● **THE TASK**:
Every line from the line containing "zobrazit detail knihy Orelsk osvta 3-7 1933" through the end of the data is to be reproduced exactly, excluding pictures.

● **DATA EXCERPT**:
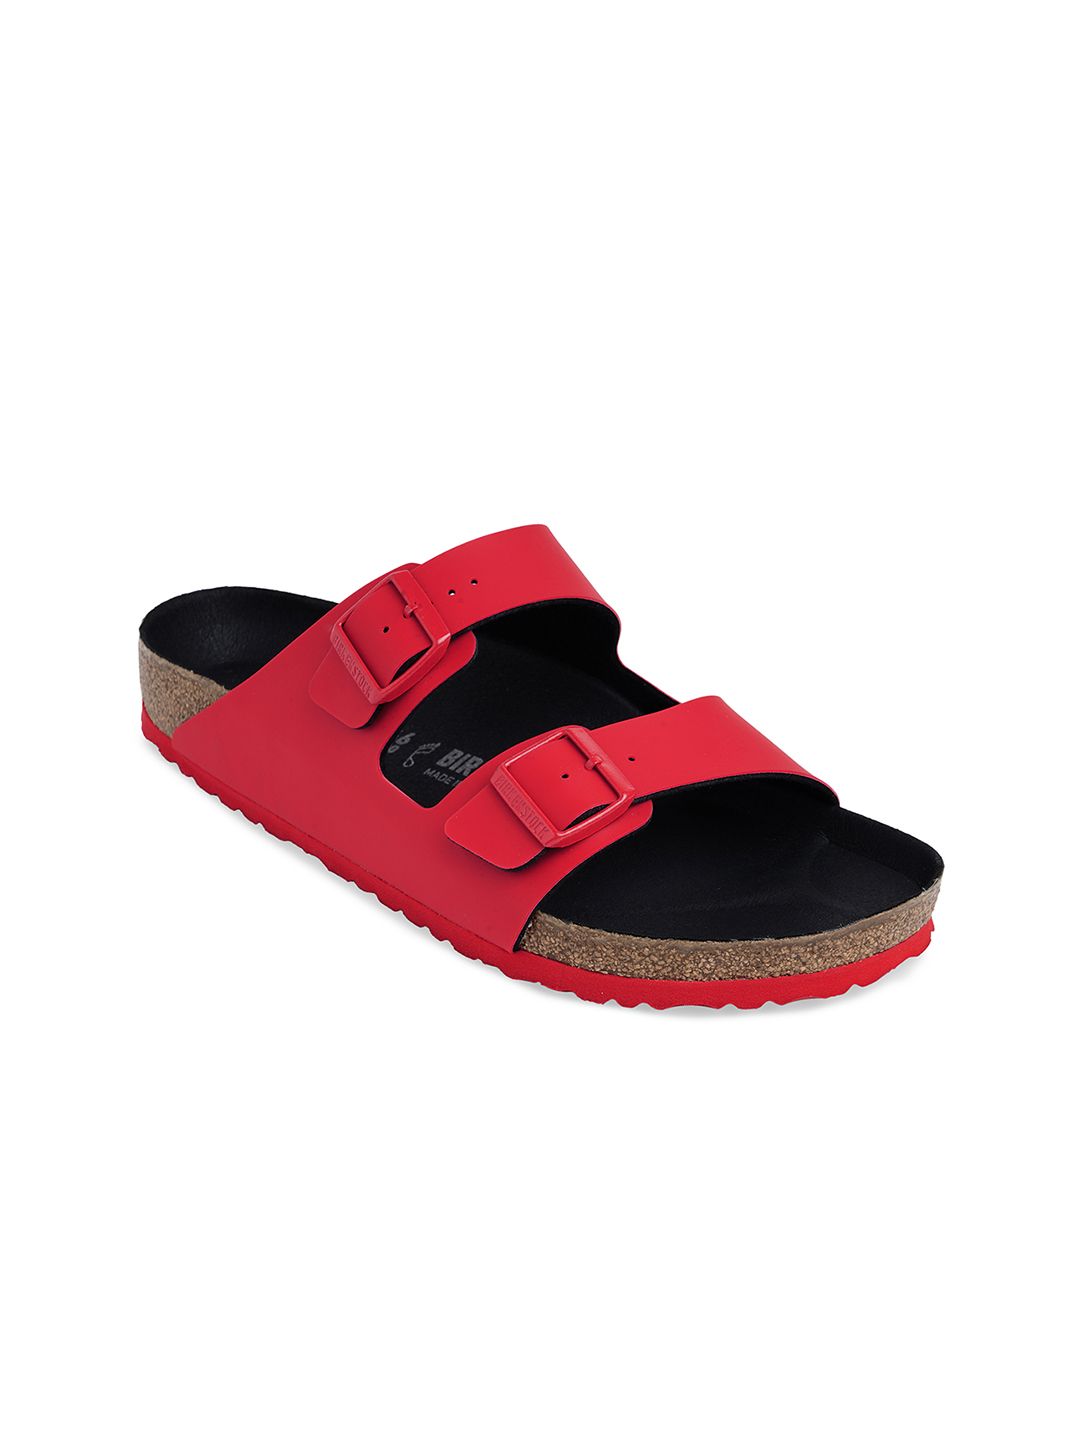 Birkenstock Unisex Red Icy Active Arizona Slide Sandals Price in India
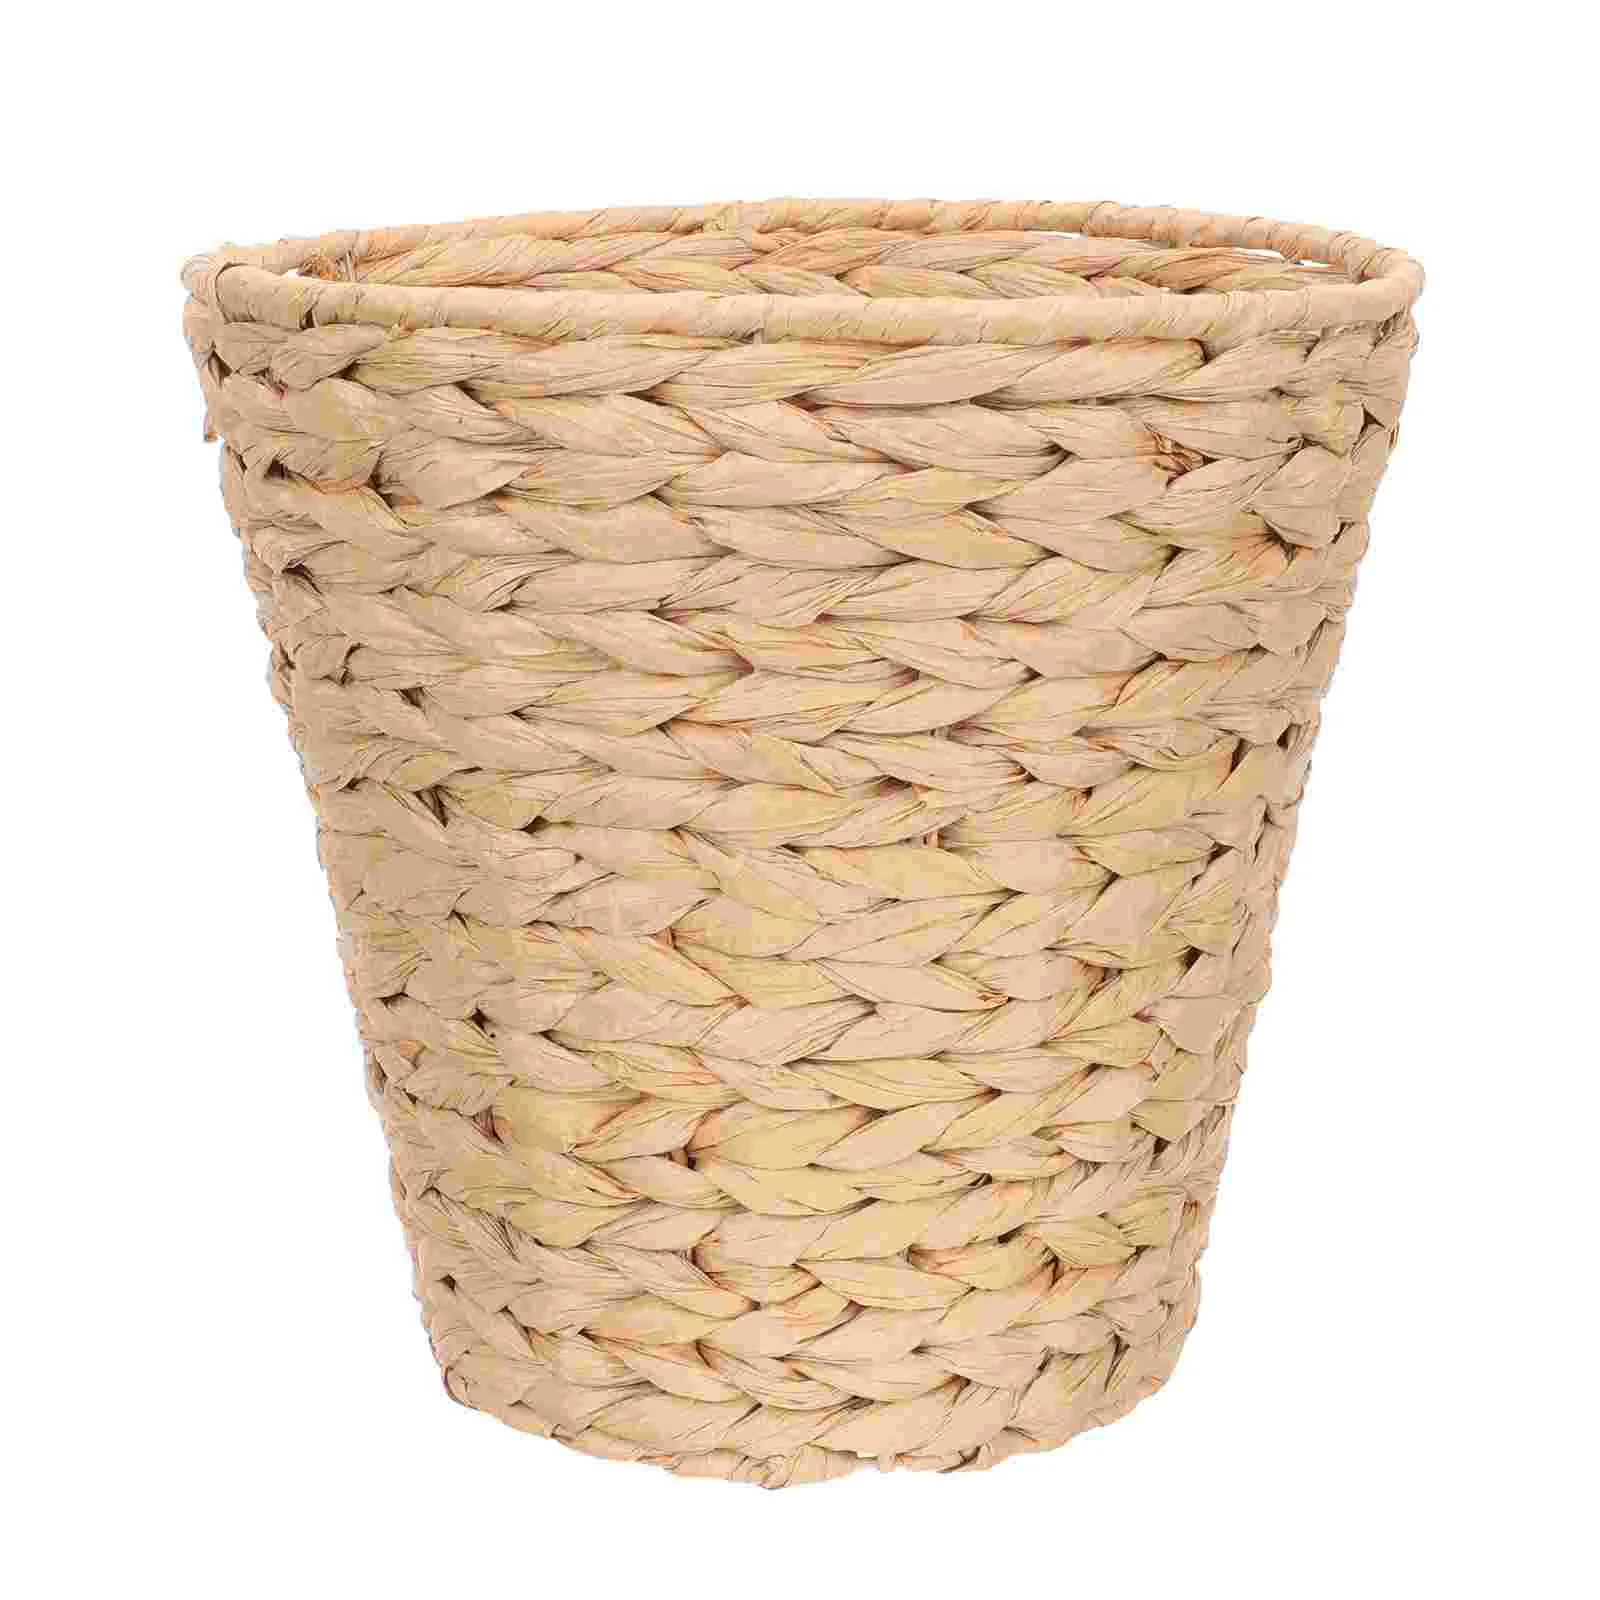 

Rattan Trash Can Storage Bins Baskets Paper Waste Basket Wicker Round Waste Basket Iron Woven Flower Pots Office
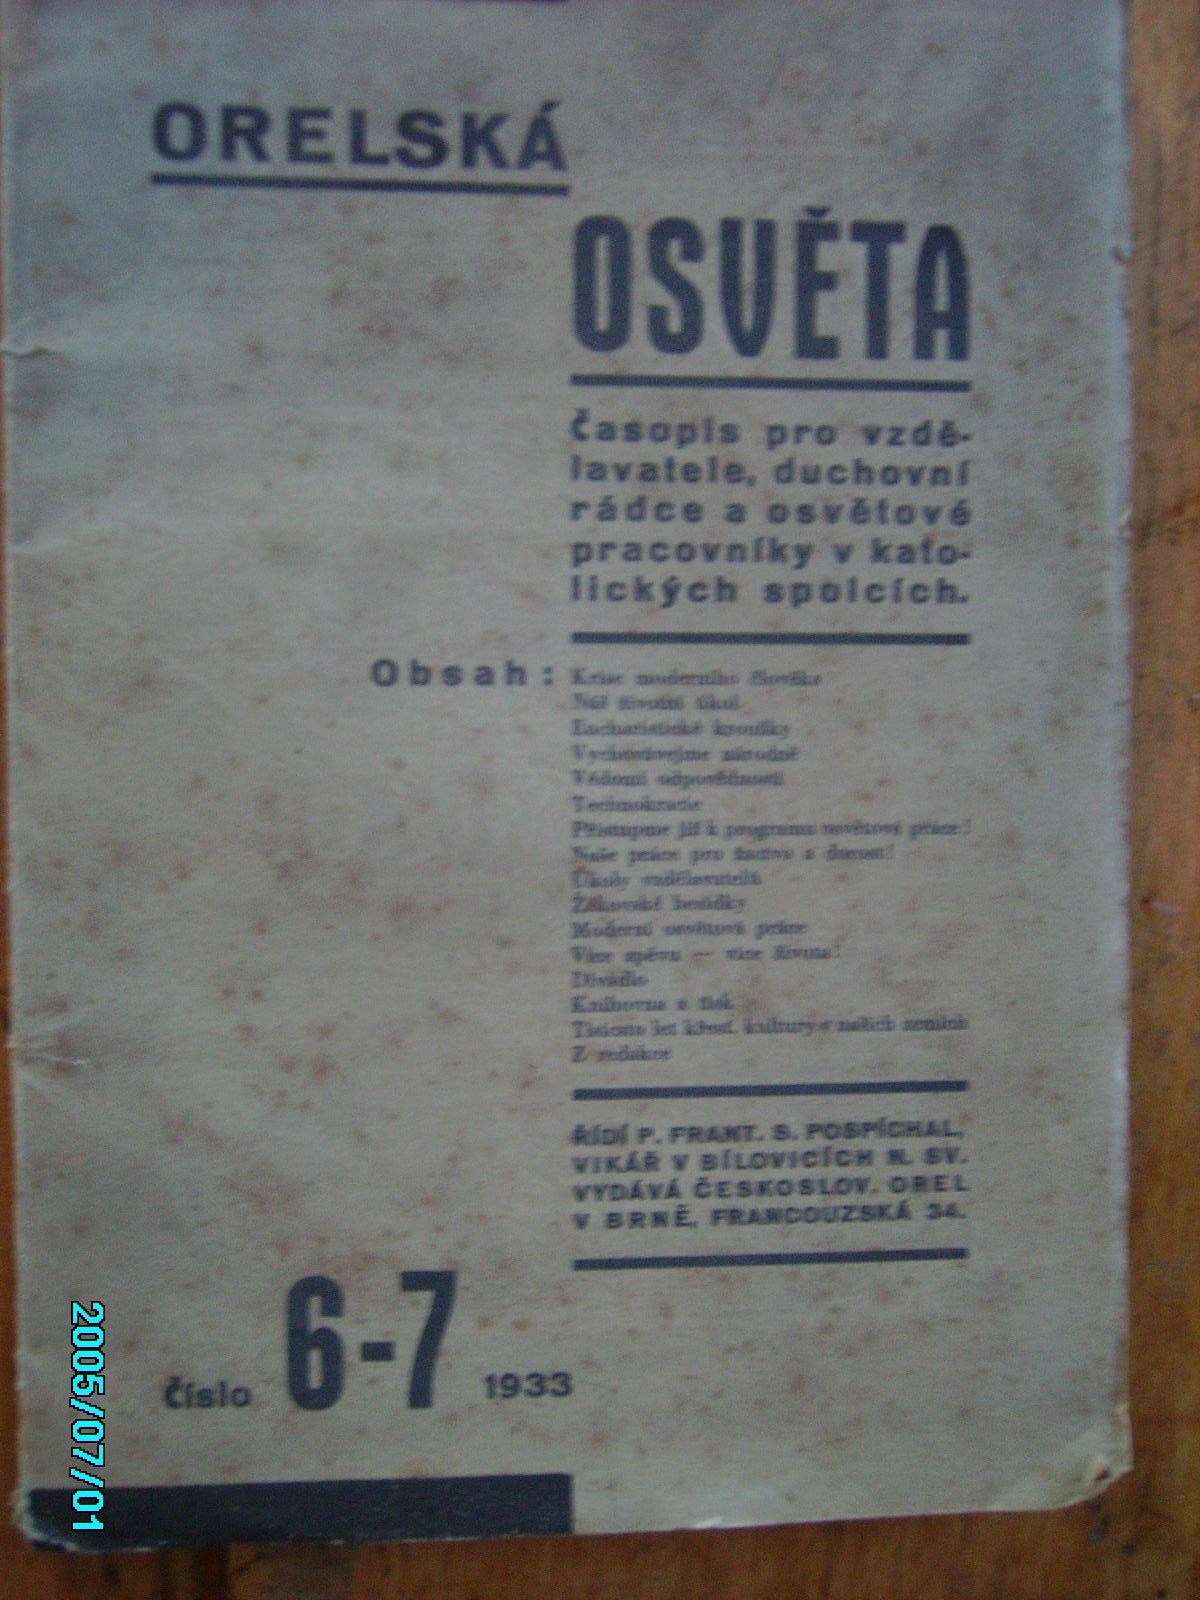 zobrazit detail knihy Orelsk osvta 3-7 1933
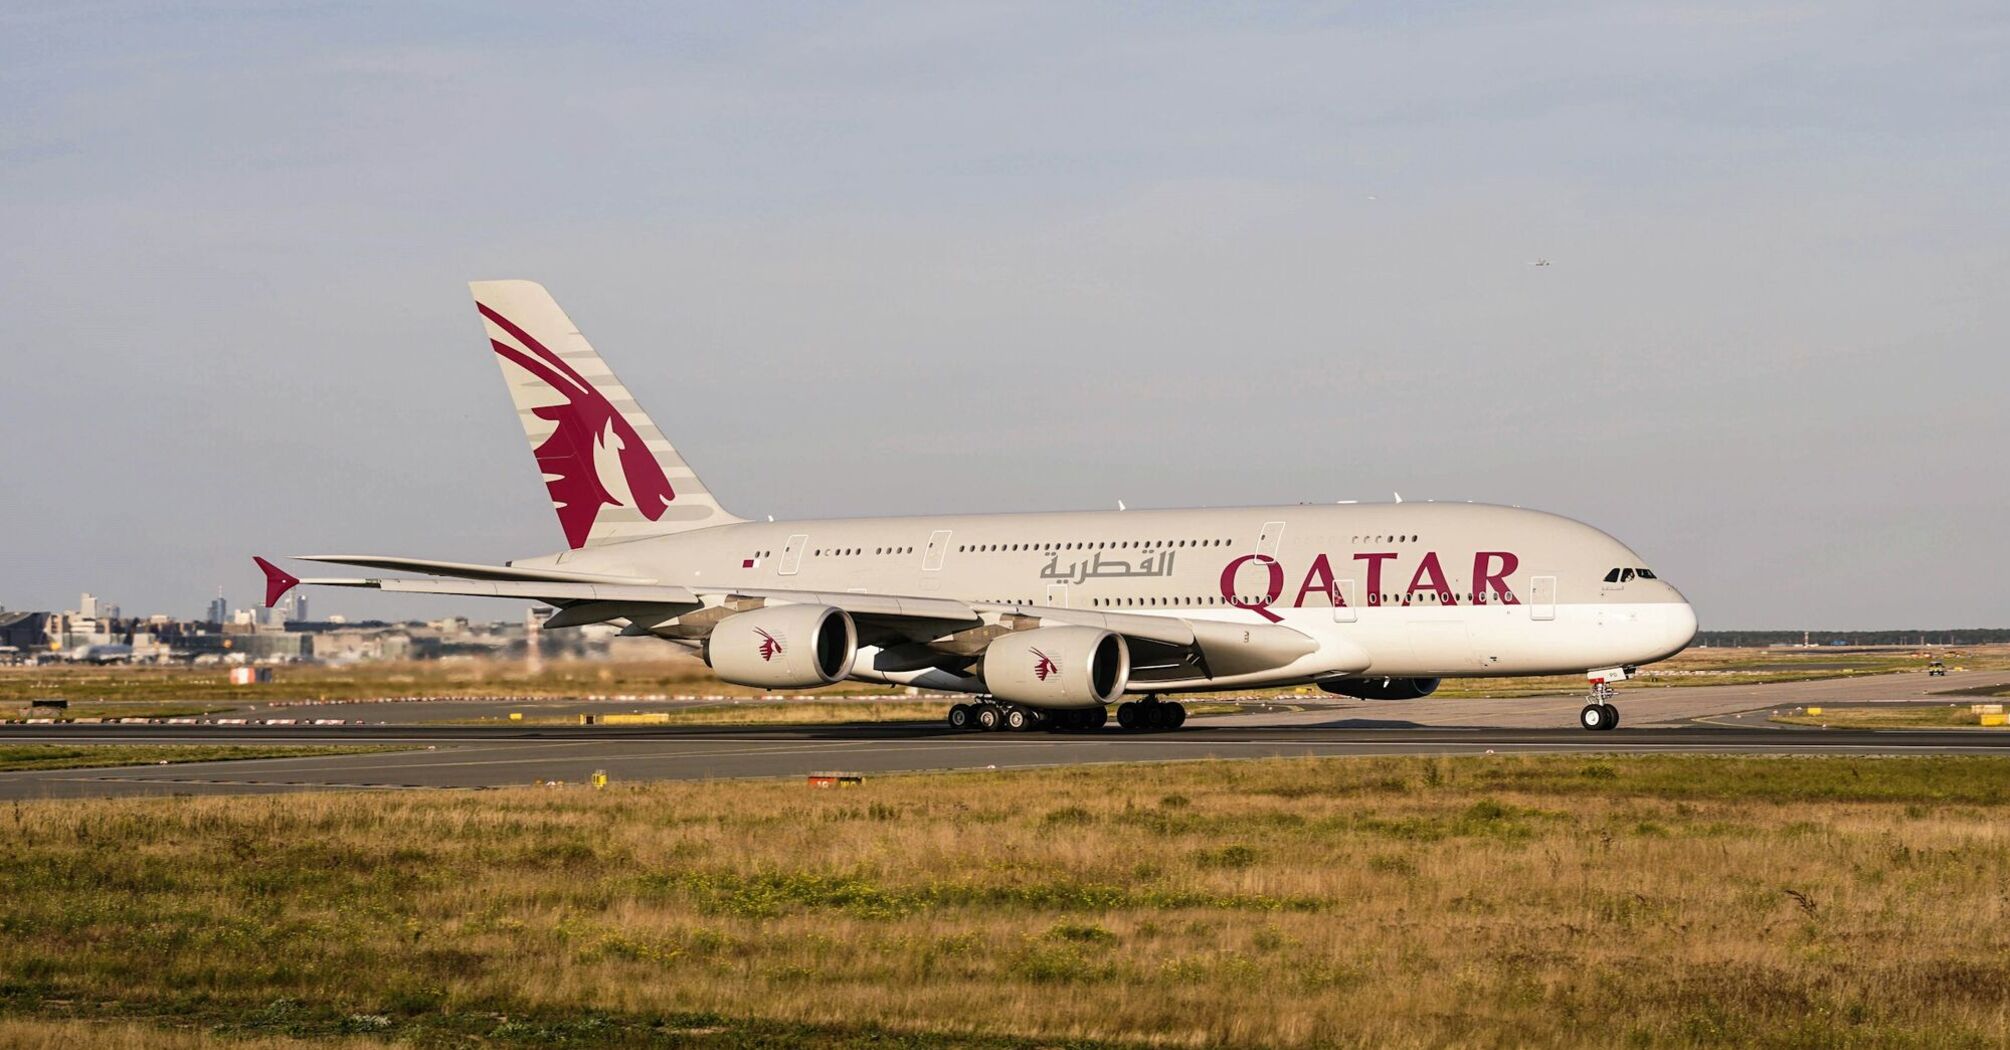 Qatar Airways plane on the runway

● **RESULT OF THIS TASK**:
 zobrazit detail knihy Orelsk osvta 3-7 1933
 Qatar Airways plane on the runway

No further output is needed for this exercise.